Summary
Wildly inconsistent characters and an overabundance of clichés ensure that Blood Brother never manages to make much of its promising setup.
Blood Brother is a film that is a little bit better than you’d think and a lot worse than it might have been. Any low budget genre flick starring Tremaine “Trey Songz” Neverson has its work cut out, obviously, but this thing really did feel like it was going to be about something – at least until it just decided that it wasn’t.
Neverson plays Sonny, a cop, and you’re never allowed to forget this because all his friends from back in the day say things like, “Because you’re a cop?” in response to virtually everything he says. But I suppose it makes sense, as back in the day Sonny and his friends were teenage tearaways who used to spray-paint the word “Demons” on walls. And at one point they nabbed $3 million from an armoured car and their nutcase white friend executed the only surviving witness and went to prison for fifteen years.
Now he’s back. His name is Jake and the grown-up version is played by Jack Kesy. For the last decade and a half the gang – which also includes Hassan Johnson and J.D. Williams, but don’t worry about those two – have been sitting on the loot, and it’s time to split it. This goes surprisingly diplomatically, all things considered. Everyone gets an equal share, but Sonny wants Jake to keep his – “Why? Because you’re a cop?” – since he’s such a nice guy and obviously feels some semblance of guilt over Jake’s incarceration. This whole setup, with its old friends and their fractured bond and their dark secret, is actually handled rather well. You get the sense Blood Brother might be going somewhere with it.

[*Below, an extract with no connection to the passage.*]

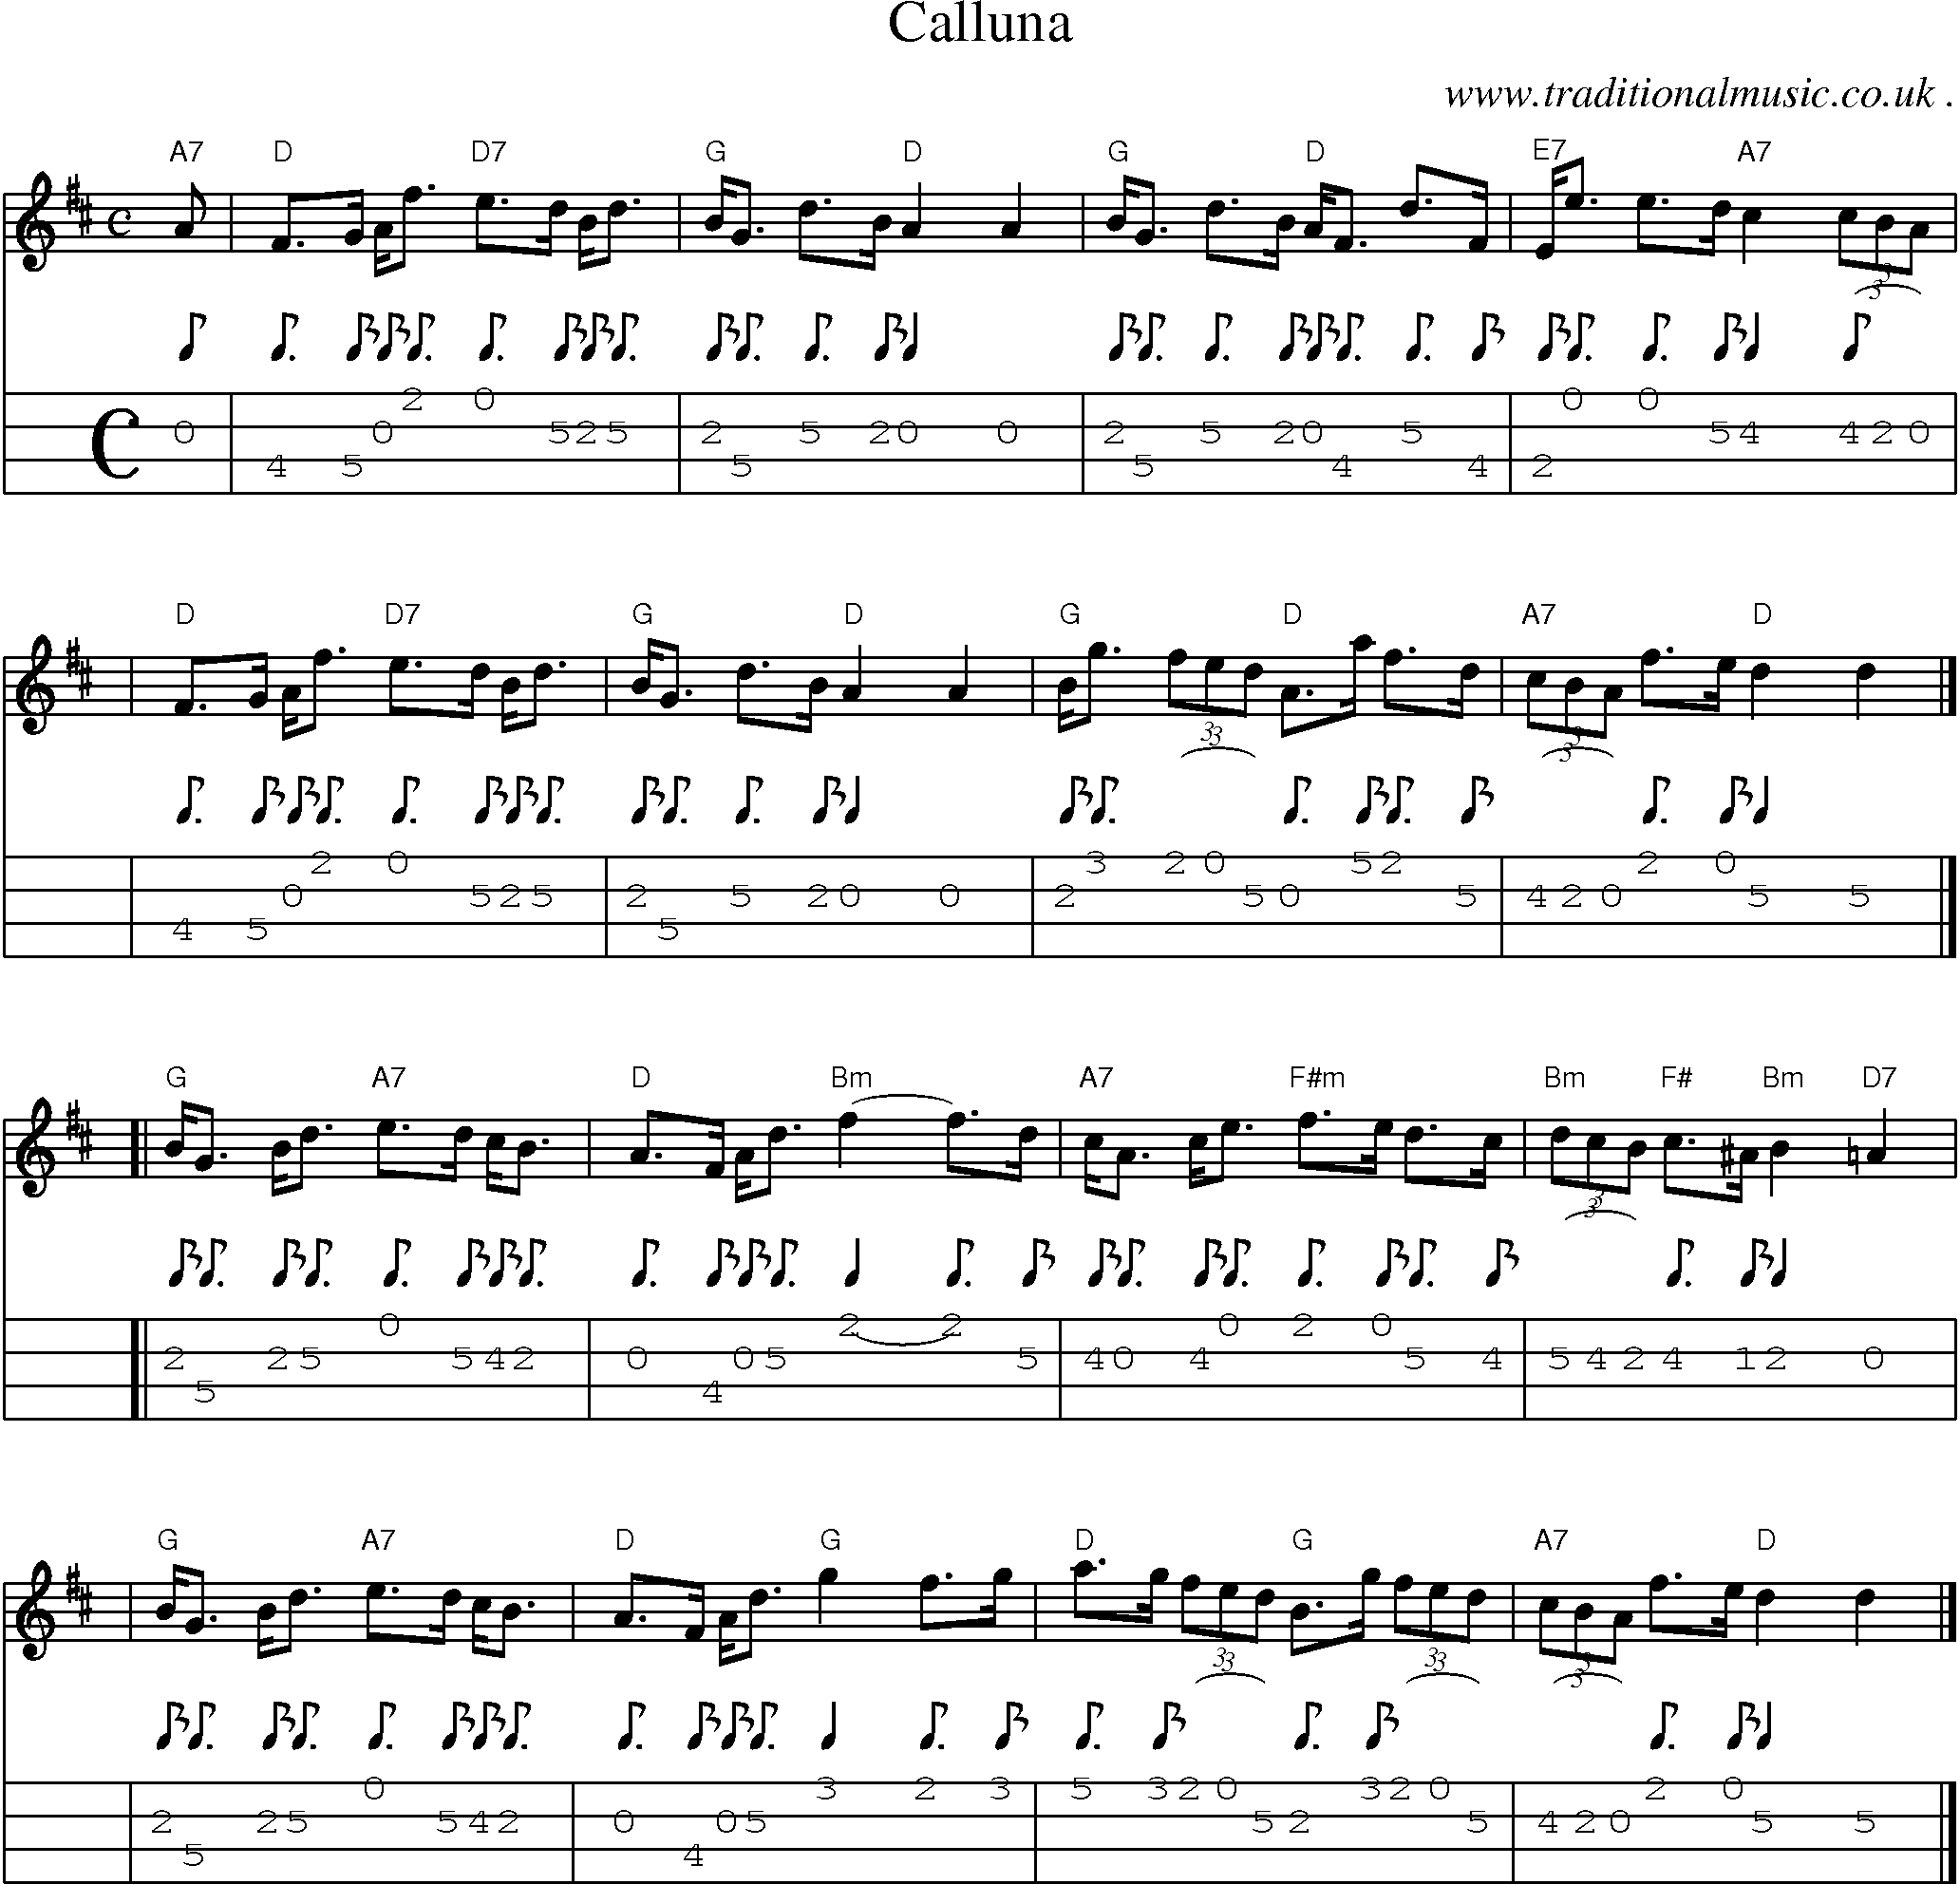 Sheet-music  score, Chords and Mandolin Tabs for Calluna

No such luck. You can tell by how the friendly reunion between Sonny and Jake is going a little too well. Jake wants to attend a music recital performed by Darcy (China Anne McClain), the pretty younger sister of Sonny’s estranged wife Megan (Tanee McCall), but on the way there they stop at a corner store and Jake just goes nuts and murders everyone. It’s supposed to be shocking and dramatic but it just plays out as confused. That Blood Brother settles on this character being a garden-variety maniac so early on just undermines any promises made by the screenplay – penned by Michael Finch, Karl Gajdusek, and Charles Murray – that the film would have something to say about these characters, their relationship, and their impoverished upbringing.

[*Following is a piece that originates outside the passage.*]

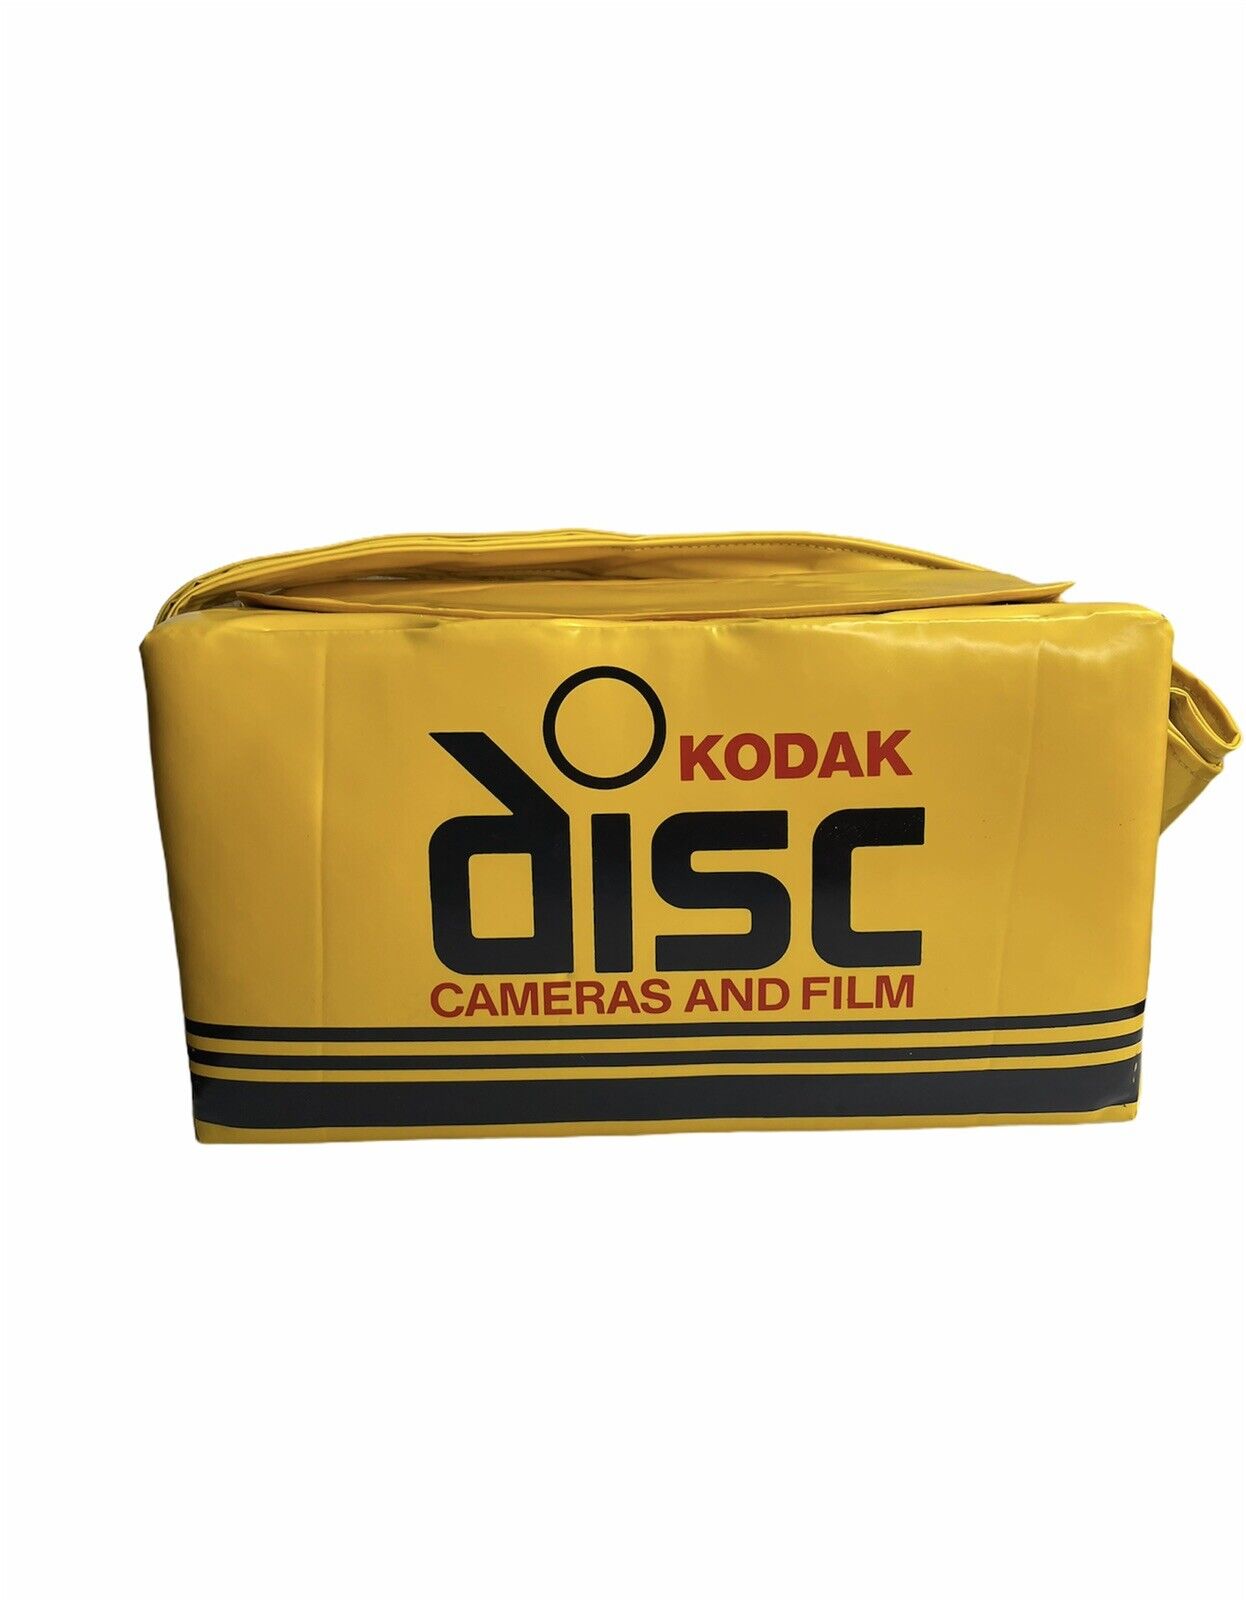 Kodak disc camera cooler shoulder Don't miss the Max 74% OFF campaign Condition vintage bag Great

From there Blood Brother just becomes a contrived cat-and-mouse actioner, with Jake going on the run, charming and subsequently kidnapping Darcy, and weaving a weird trail through various underworld figures (including one played by Fetty Wap) to provide an excuse for mediocre standoffs and action beats. Along the way his character wavers back and forth between charismatic and deranged with no real warning or reason, and there are multiple instances in which both the hero and the villain have ample opportunity to kill each other and just don’t bother to. Any justifications given for this – “Because you’re a cop?” – are flimsy at best and woefully idiotic at worst.
I can’t say I’m surprised, but I’m certainly disappointed given the film’s early consideration for its characters and premise, and also the fact that the cast are serviceable and the direction is perfectly competent. It’s the writing that grossly undermines Blood Brother and ensures it remains a clichéd genre exercise with little about it worthy of note. Blood might by thicker than water, but Blood Brother is thicker than both.